Additional detail concerning the disputed effectiveness of the bombing of Cambodia is in the article Operation Menu.

Cambodian civilian casualties caused by U.S. bombing

U.S. bombing of Cambodia extended over the entire eastern one-half of the country and was especially intense in the heavily-populated southeastern one-quarter of the country, including a wide ring surrounding the largest city of Phnom Penh. In large areas, according to maps of U.S. bombing sites, it appears that nearly every square mile of land was hit by bombs.[21]

When extensive bombing by the U.S. of Cambodia began in 1969 it was primarily directed against the North Vietnamese army and its supply lines and depots. As the North Vietnamese dispersed their operations deeper into Cambodia to escape U.S. bombing the area bombed by the U.S. expanded. Increasingly, U.S. bombing missions had the objective of supporting the government of Cambodia in its war against the insurgent Khmer Rouge.[22]
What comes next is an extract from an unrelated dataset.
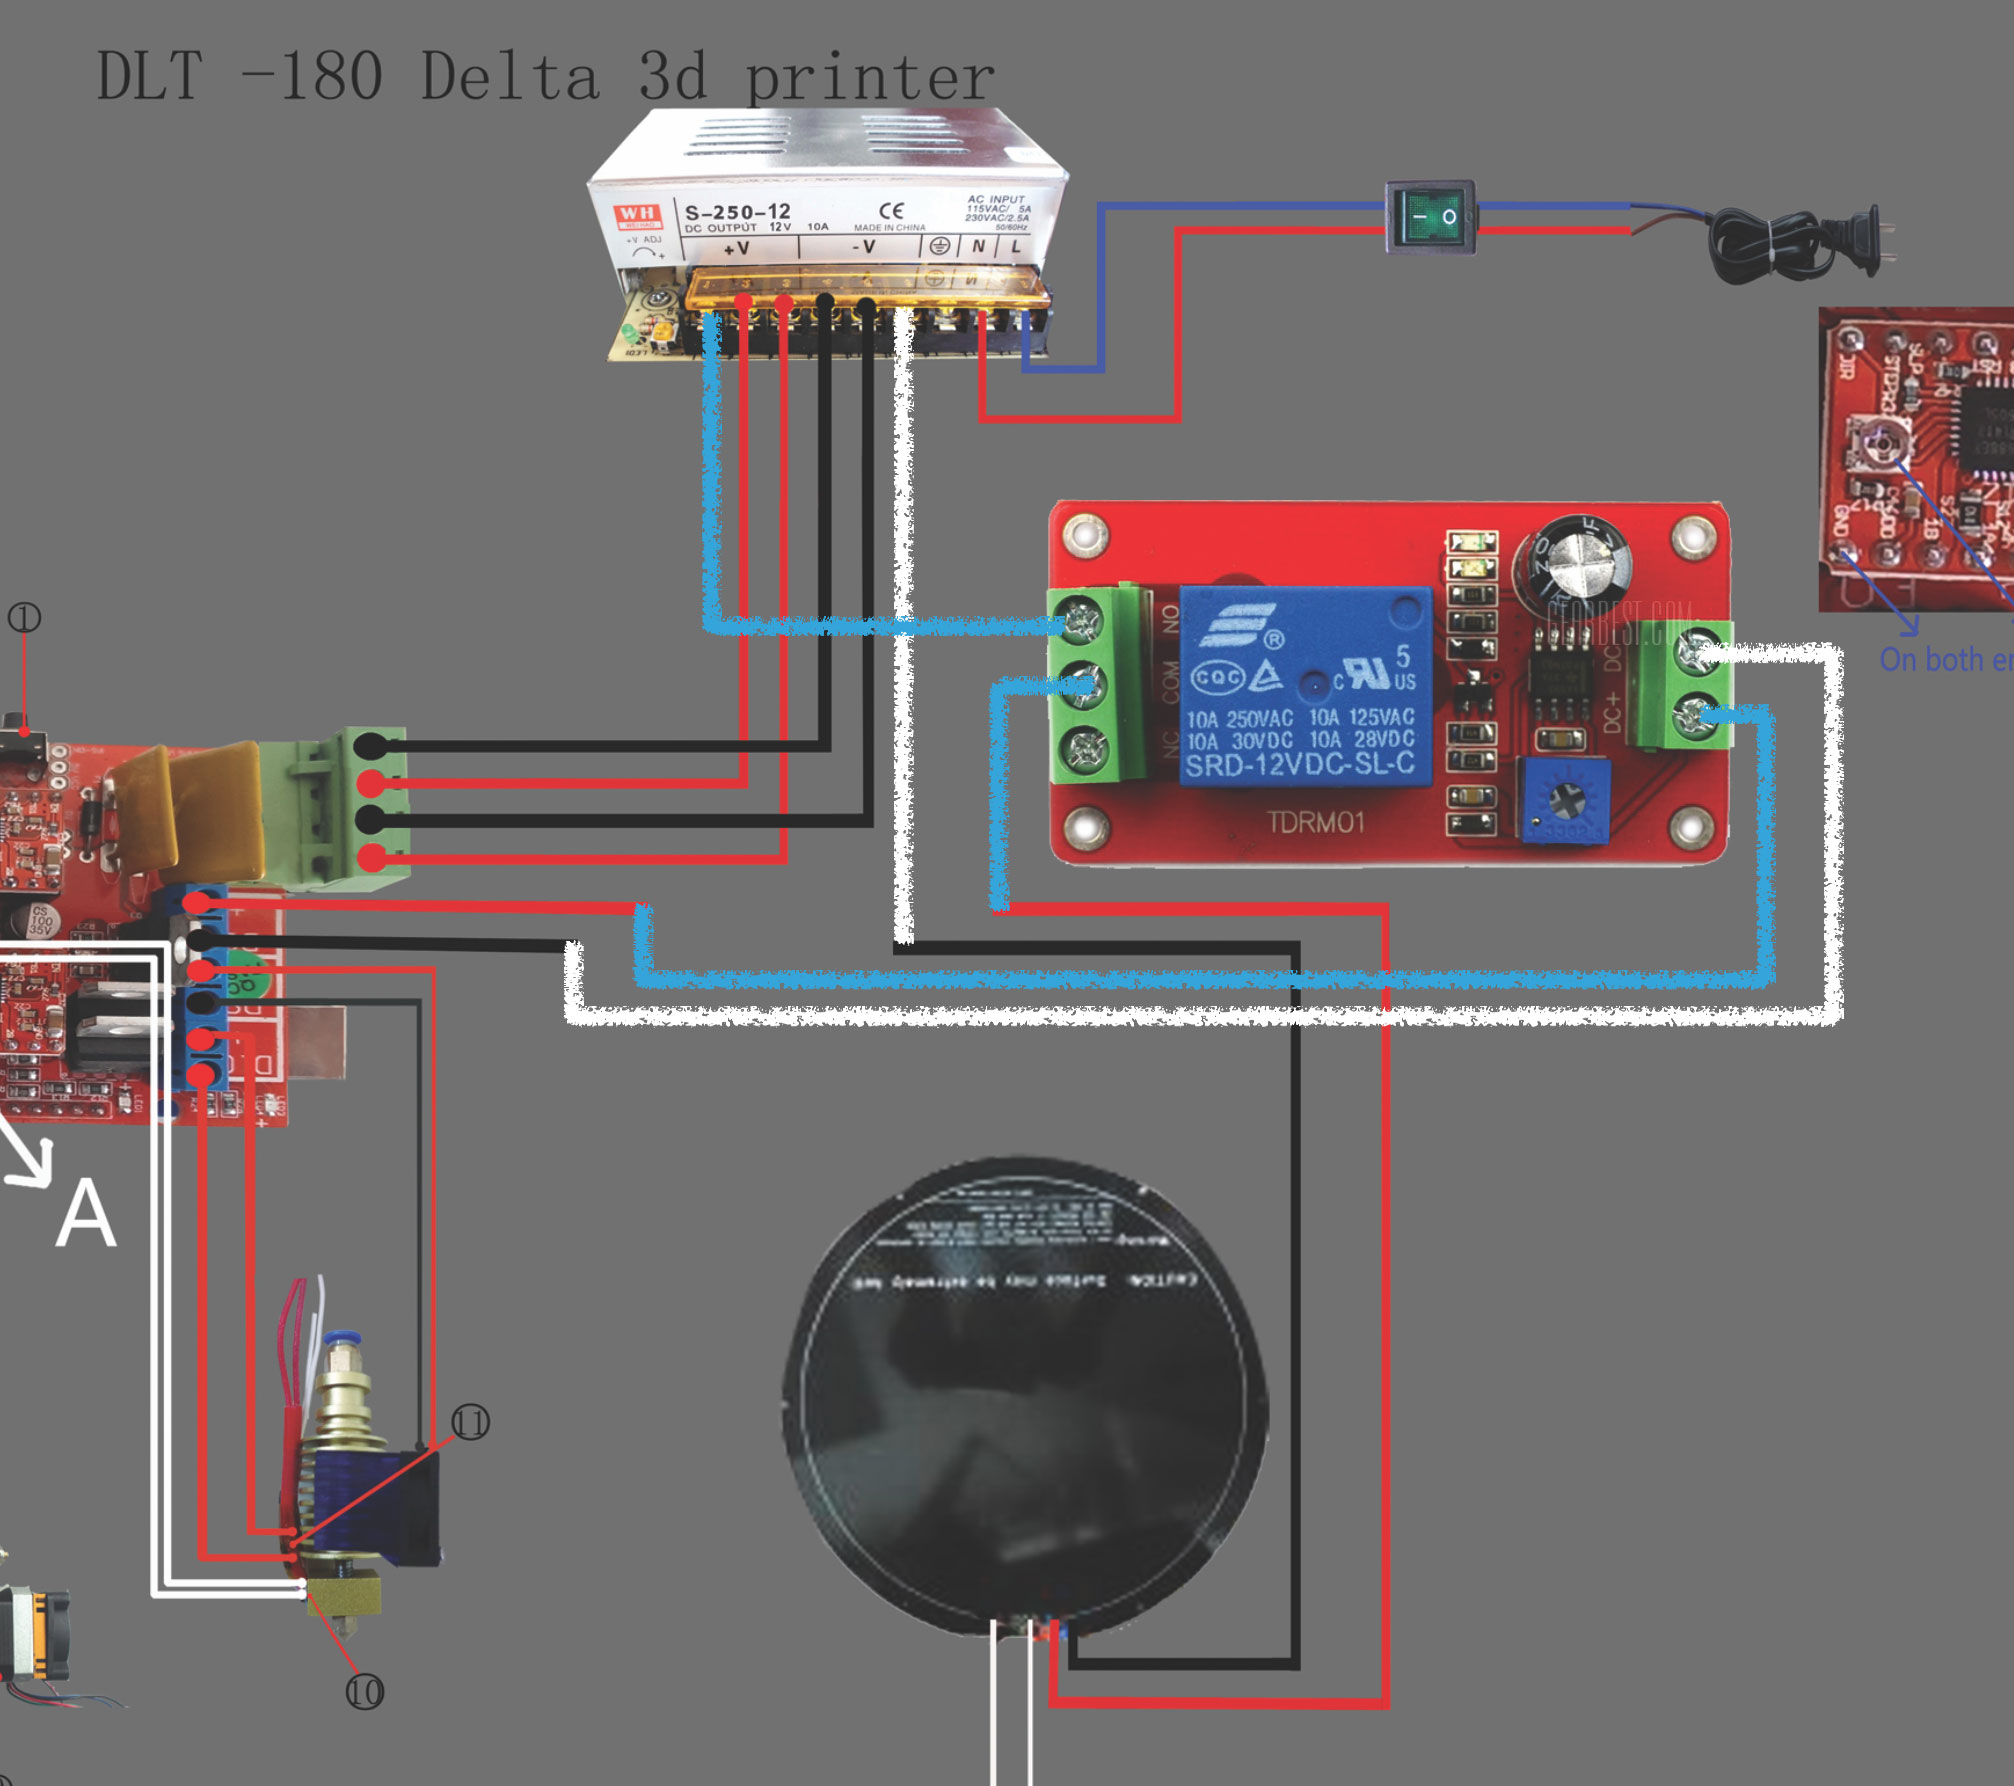 He3D Delta DLT 180: Heat Bed Relay Wiring - 3D Printers ... 8 round plug wiring diagram 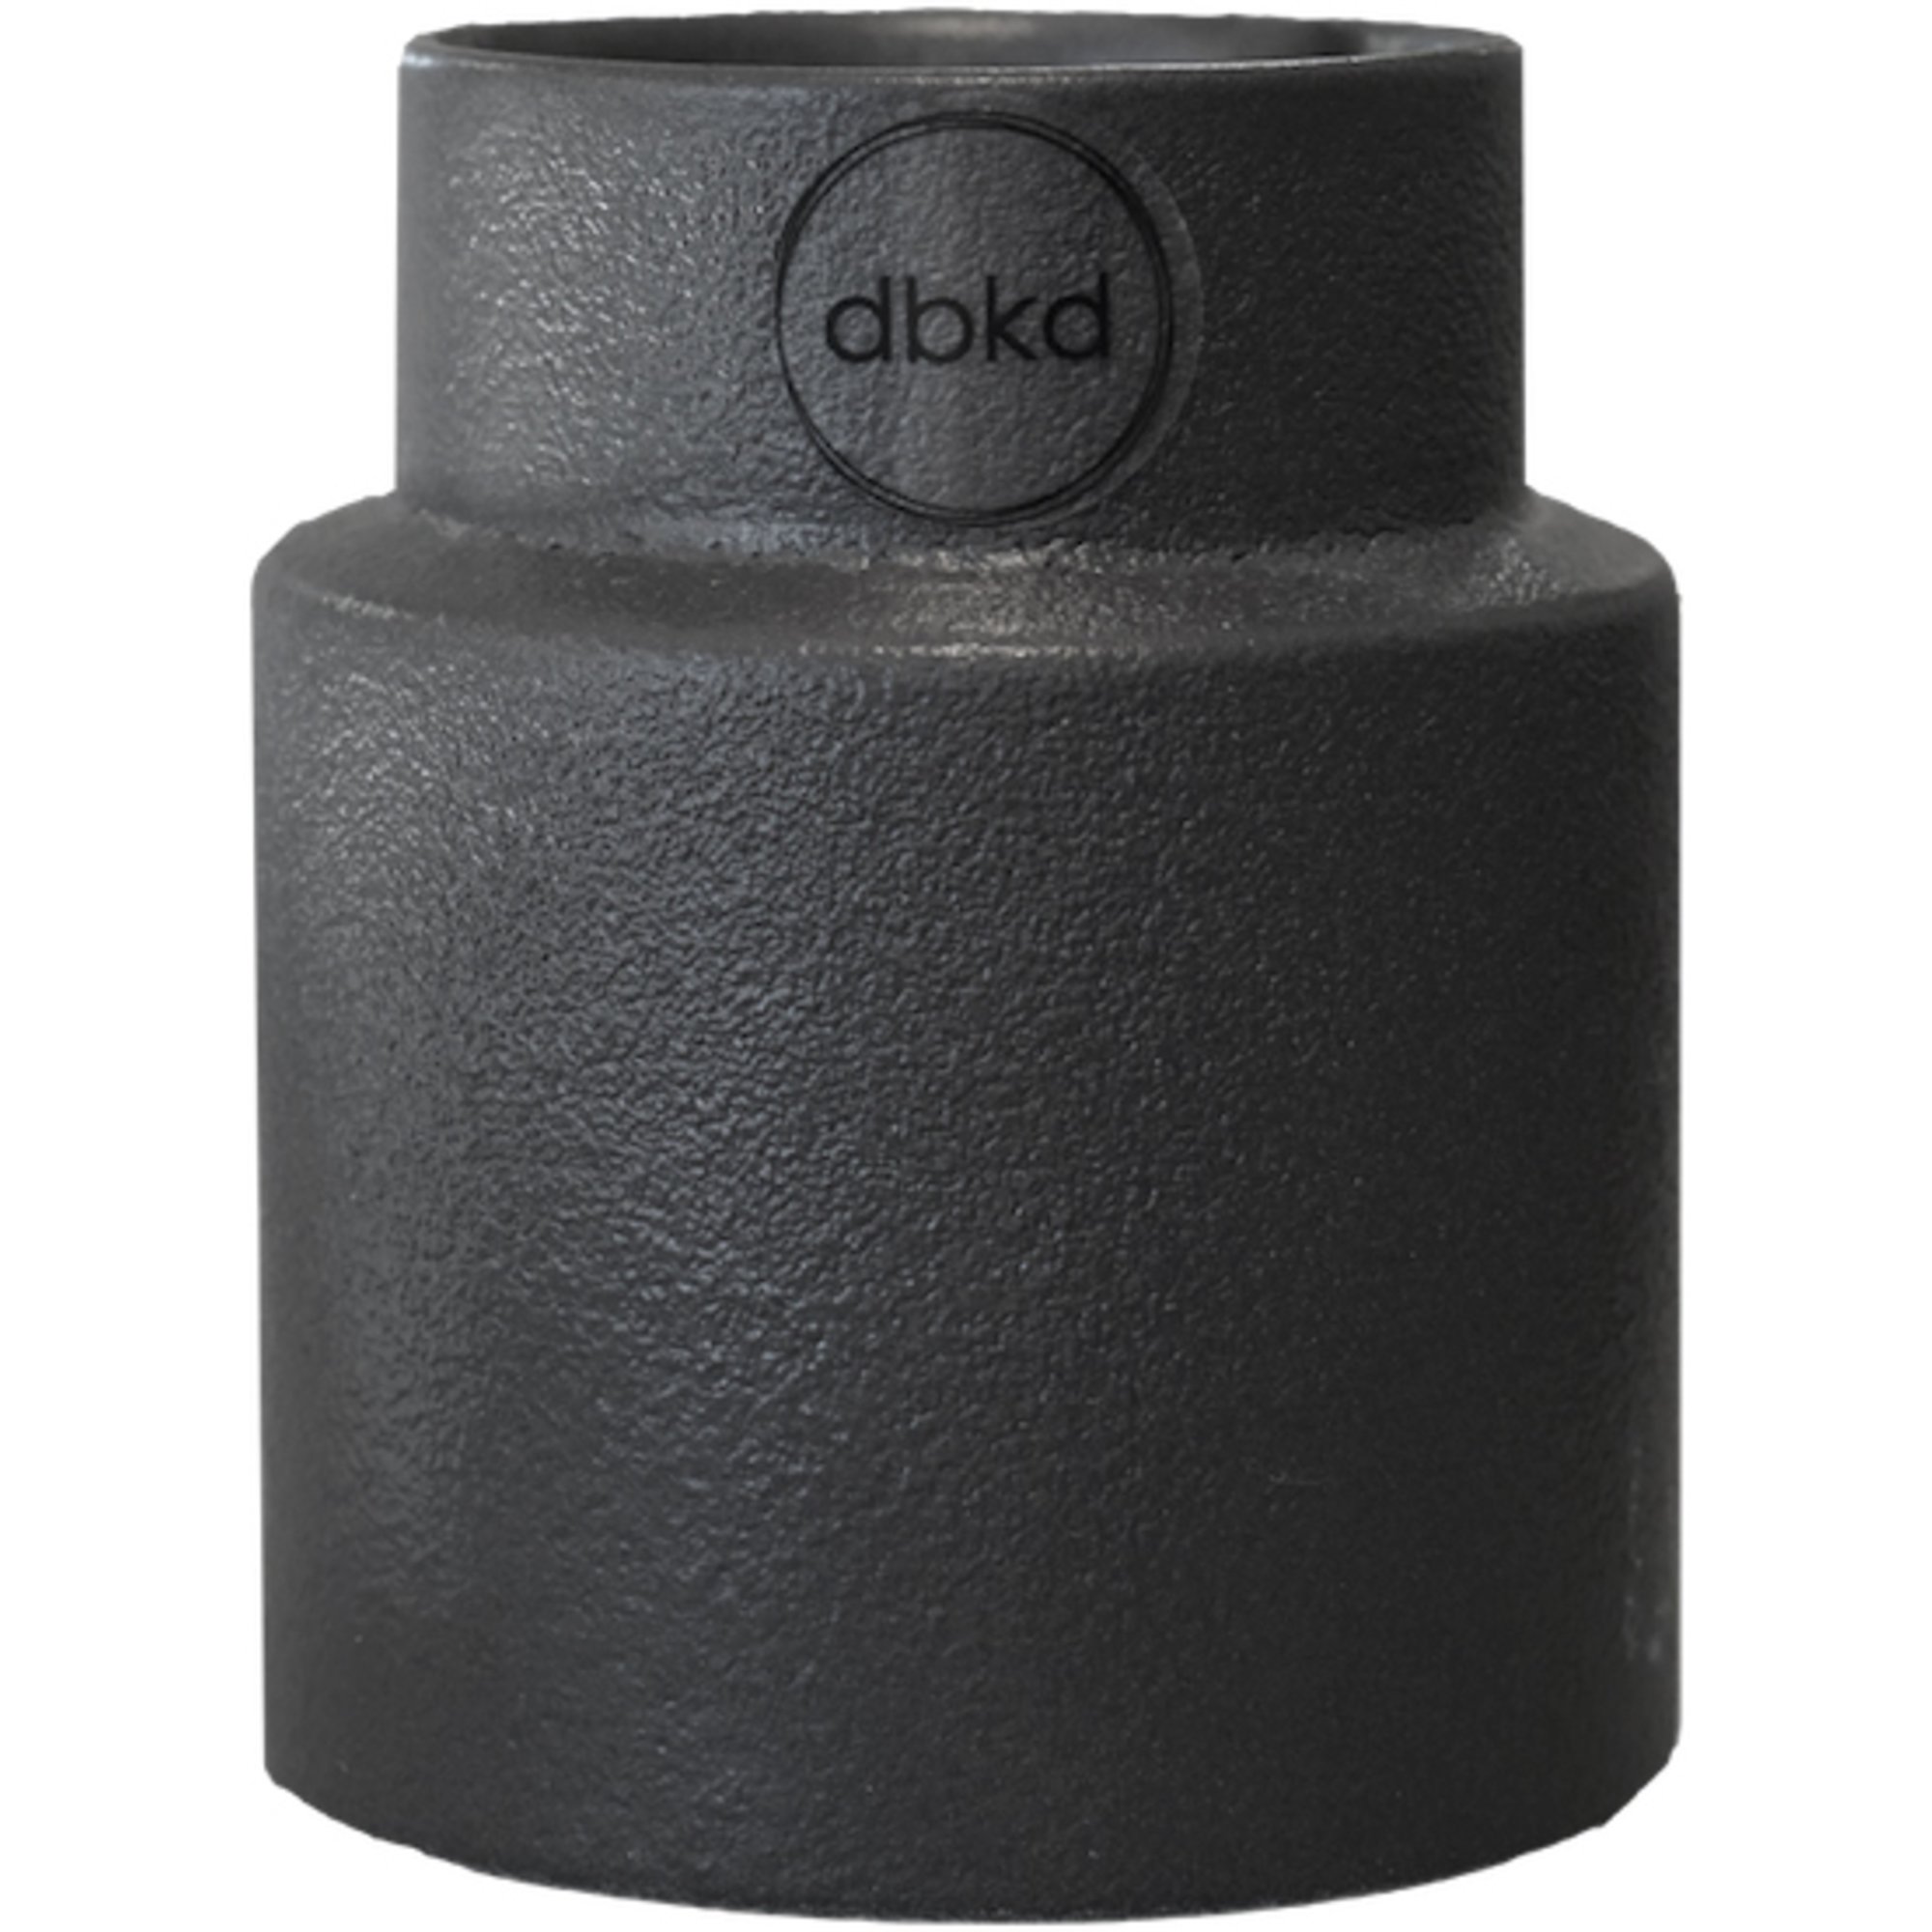 DBKD Oblong ljushållare, small, cast iron

The number of casualties of Cambodian civilians and Khmer Rouge fighters caused by U.S. bombing is unknown. No extensive field-level surveys have been carried out to narrow the estimates which range from 40,000 to several hundred thousand deaths. The most credible estimates are that the total death toll in the five-year Cambodian civil war (1970-1975) was between 150,000 and 300,000.[23] The death toll of the civil war includes both civilians and Cambodian combatants (Khmer Rouge and army) who died in the war.[24] Thus, with limited data, the range of Cambodian deaths caused by U.S. bombing may be between a lowest credible estimate of 40,000 and the highest credible estimate of 150,000.[25][26][27]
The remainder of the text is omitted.